Changes in monetary policies: The central bank in order to stimulate the investment in the U.S. economy planned major rate cuts. In 1980, the federal funds rate was 23% which was brought down to 8% in 1990 and 1% in 2001. Due to the lower rate household had an incentive in obtaining loans. With these loans they invested in the housing market. Due to a sudden increase in the demand the price in the housing sector rose sharply. After reaching to its maximum the housing bubble burst resulting in expensive consequences.

Also banks had an incentive in increasing their profits by giving away more credit. They started making subprime credits or substandard credit which faulted later and led to the crises.

Securitization: It is the process of converting assets into financial securities. Banks were getting off from the risky loans by repackaging it into financial securities.

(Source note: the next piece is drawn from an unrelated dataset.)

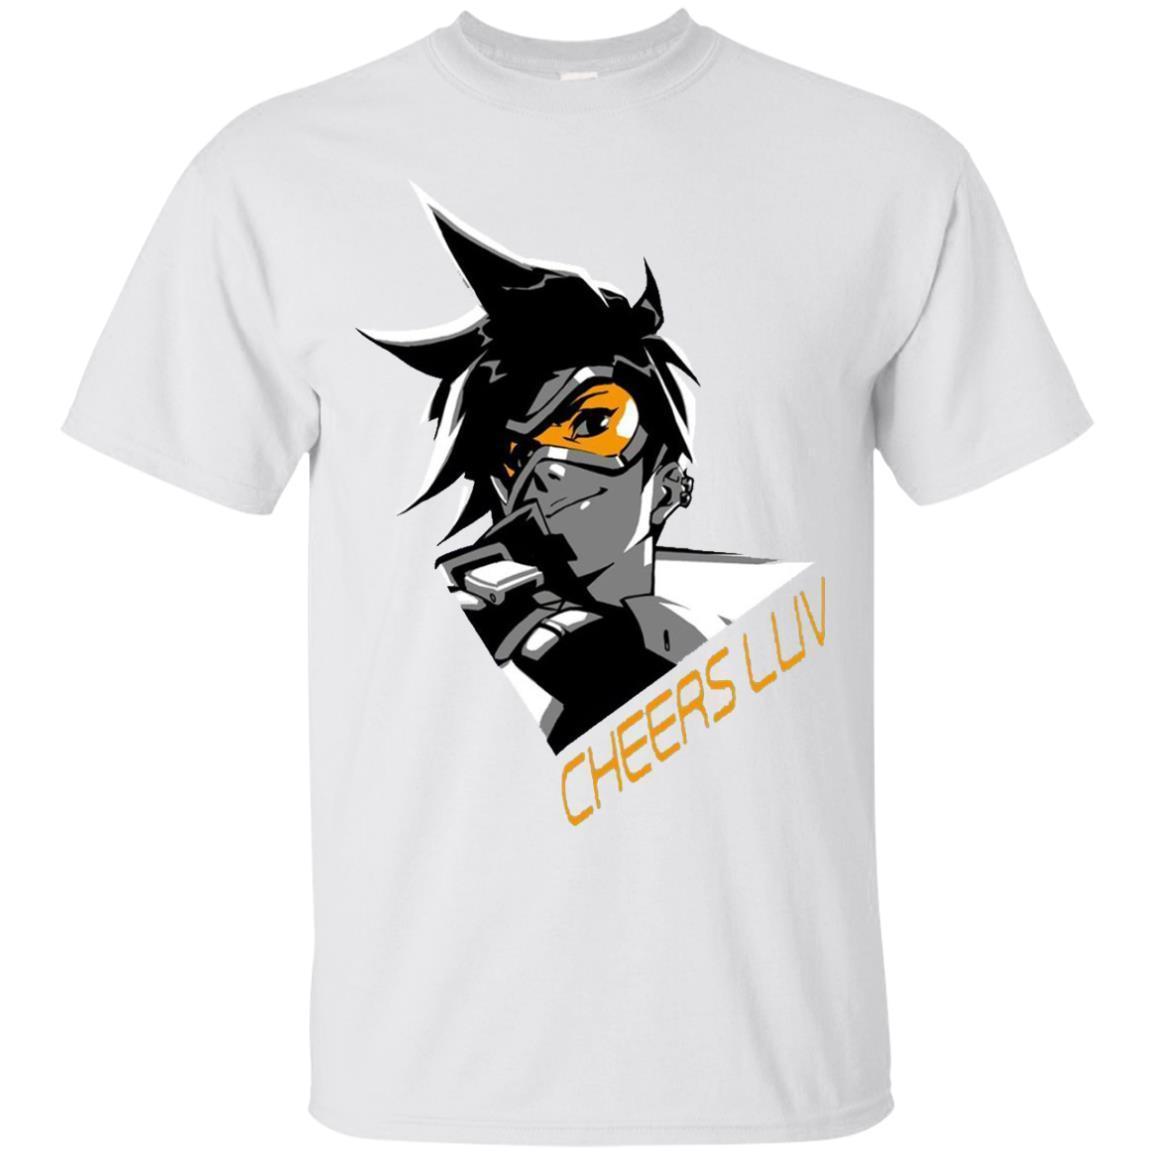 Overwatch Tracer Cheers Spray Tee Shirt

In order to reduce risk, in a way, they were obtaining more risk. They had incentive in attracting people and getting rid off their sub-prime loans.

Excessive leveraging: Leveraging is a model which describes that a company can get higher profits if they finance their capital more by borrowing than share capital. The ideal ratio is 2:1. The inventors of this model received a Nobel Prize for this model. Due to its huge popularity companies increased their borrowings. Some examples are- Lehman brothers- 16:1; Fannie Mae- 20:1; Freddie Mac- 60:1; LTCM – 250:1. When they were unable to repay the loans many companies became bankrupt.

There were many other causes which added to the main causes and increased the possibility of the crises. Countries should learn from it and avoid any future crises. Recently RBI governor Raghuram Rajan indicated the possibility of the world moving to another crisis. Economies should be alerted and take the necessary steps in combating with any of the financial crisis in the near future.